Can i just say been a member on here a while(Wannabe GTR owner Just not got the cash)i attended in my subaru and loved it.Weather was crap but hey.PS i was the guy who let the 450BHP red R34 GTR in front of me so as not to spoil his flat out run..Cheers again to the organisers.Best regards Mal...


----------



## IMS (Sep 18, 2002)

That was me in the Red R34, thanks mate, however, the civic in front of you was worse. Gave him a good 60 second head start and had to break at the bottom of the straight and even after waiting 10-20 seconds, couldn't get it out of 2nd gear before catching him up 3 times in a row

p.s. it's only 420 (before everyone get's on my back about over-quoting my BHP)


----------



## endo (Jul 11, 2007)

Quality night 
I've got a few vids, and pics... just need to get home and edit the video of me attempting to catch up with IMS  on the second run (in 1st / 2nd gear of course )
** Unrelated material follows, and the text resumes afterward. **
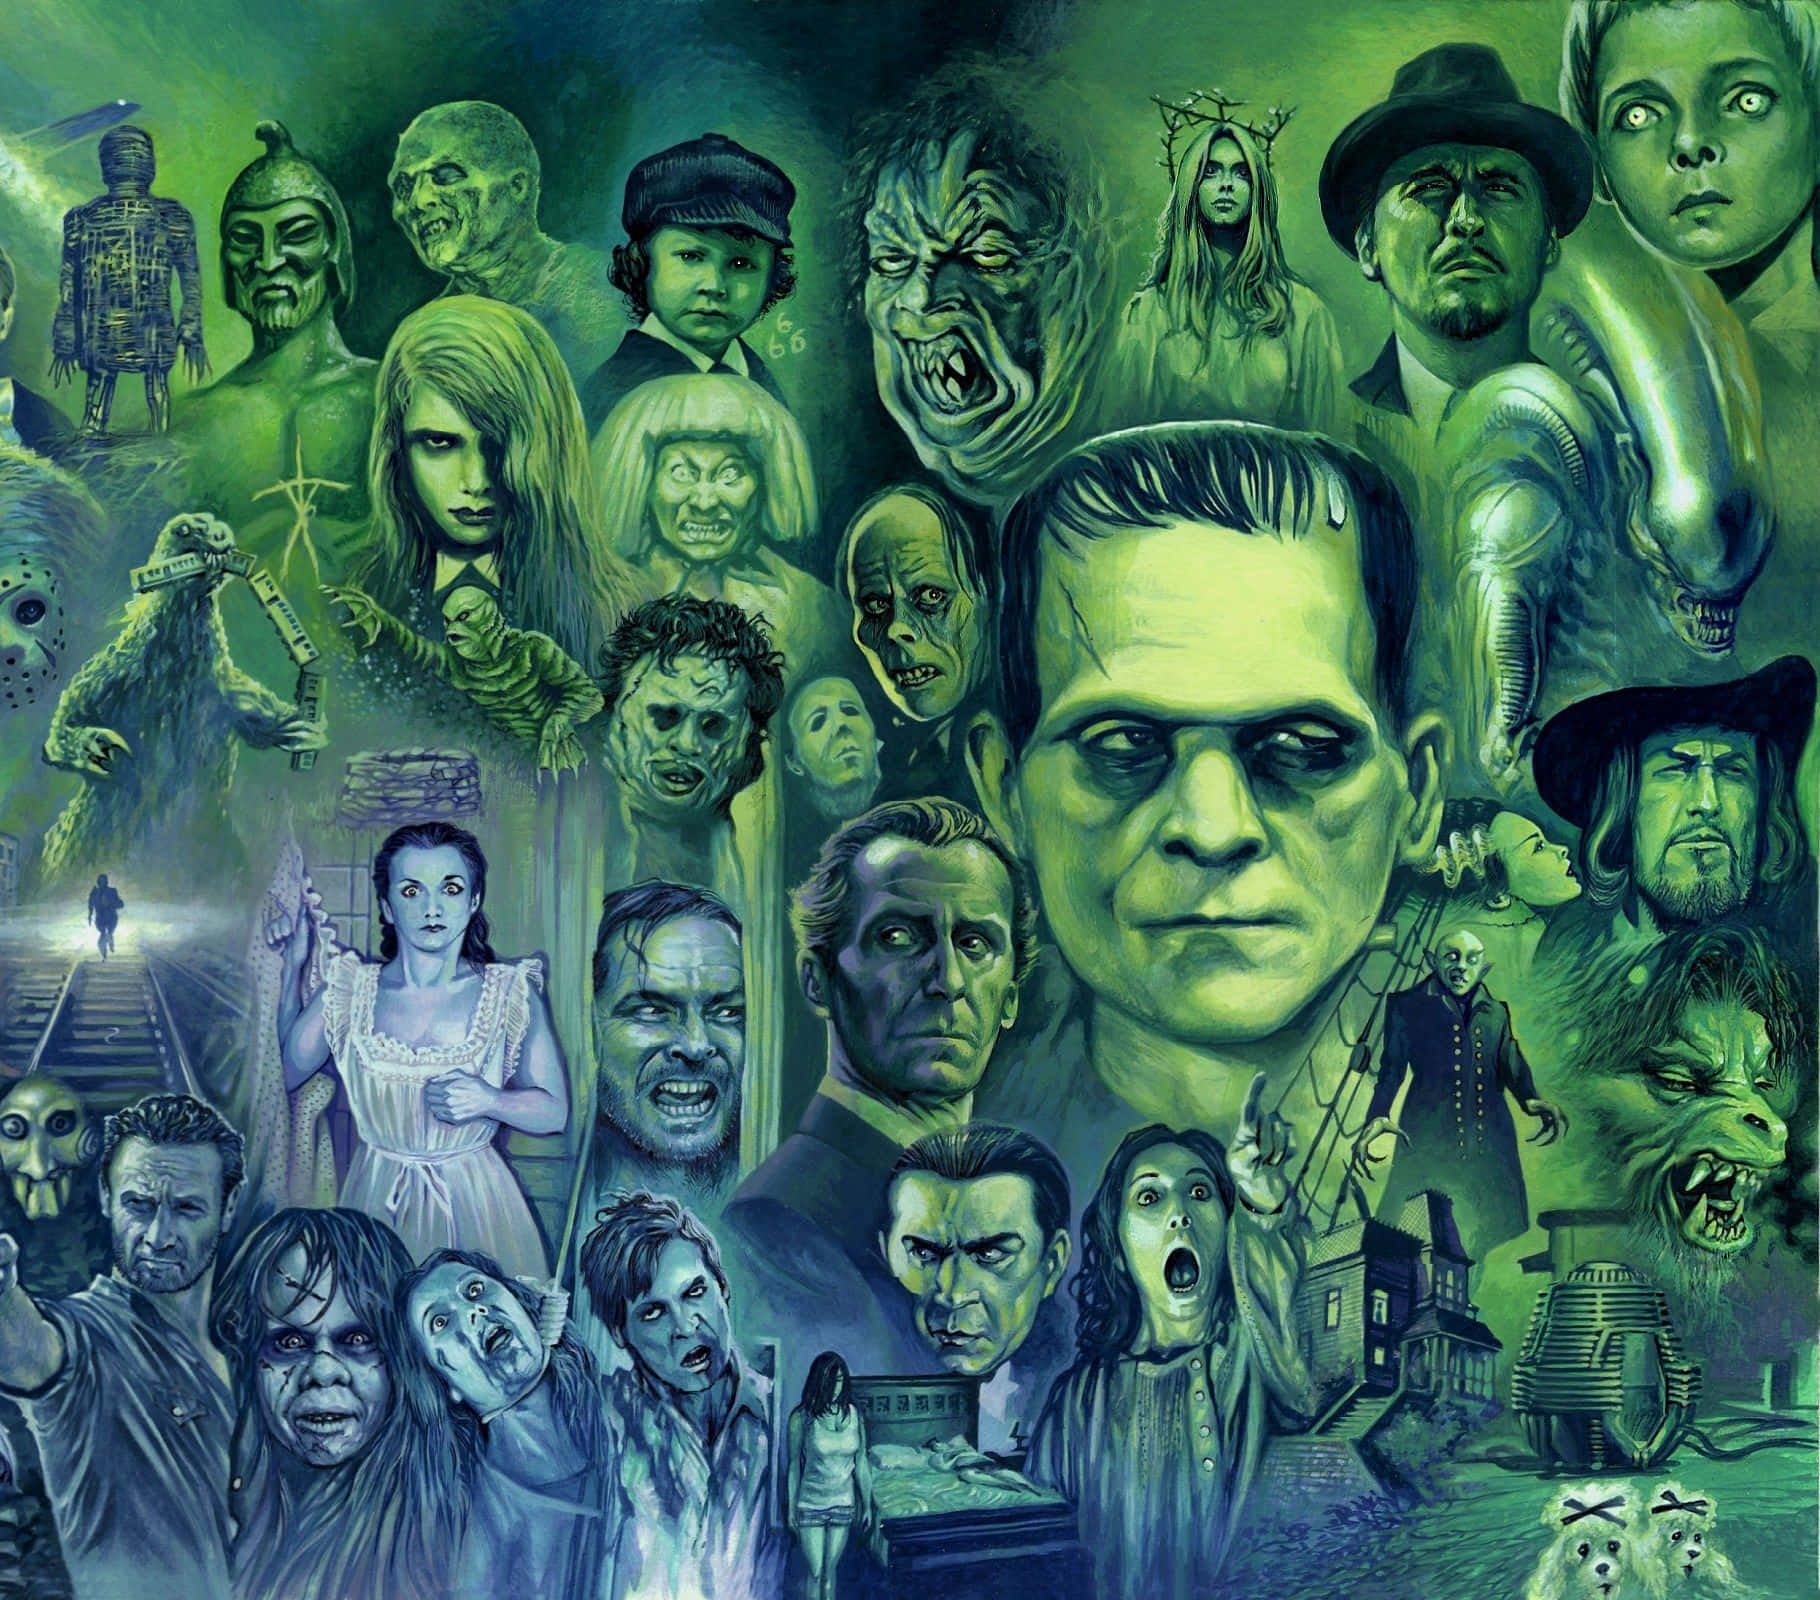 Et billede af Frankenstein-monsterne, der angriber hinanden. Wallpaper

that last corner on the second run did get a bit hairy with the back stepping out


----------



## shoobydoo (Mar 17, 2007)

Anybody posting speeds or is that all hush hush:banned:


----------



## x.laura.x (Apr 8, 2009)

Well it was on cctv apprently inside the tunnel run and mark got no complaints??... over a tonn most people ha


I enjoyed the flames couple of members were poppin out cant wait to see the pictures they guys were taking at the beginnin of the tunnel....


----------



## endo (Jul 11, 2007)

shoobydoo said:


> Anybody posting speeds or is that all hush hush:banned:


on that first run i was behind you....
and the needle sailed past the 200kmh mark :runaway:

2nd run back was quicker, but i can't really tell from the video lol


----------



## Bellis_GTR (Nov 18, 2010)

endo said:


> on that first run i was behind you....
> and the needle sailed past the 200kmh mark :runaway:
> 
> 2nd run back was quicker, but i can't really tell from the video lol


PICTURESS VIDEOOS! pleasee! Theres nun of this in Canada! How are you guys allowed to do this?


----------



## panrix (May 16, 2010)

It would 1 be childish 3 to post 2 speeds


----------



## panrix (May 16, 2010)

Bellis_GTR said:


> PICTURESS VIDEOOS! pleasee! Theres nun of this in Canada! How are you guys allowed to do this?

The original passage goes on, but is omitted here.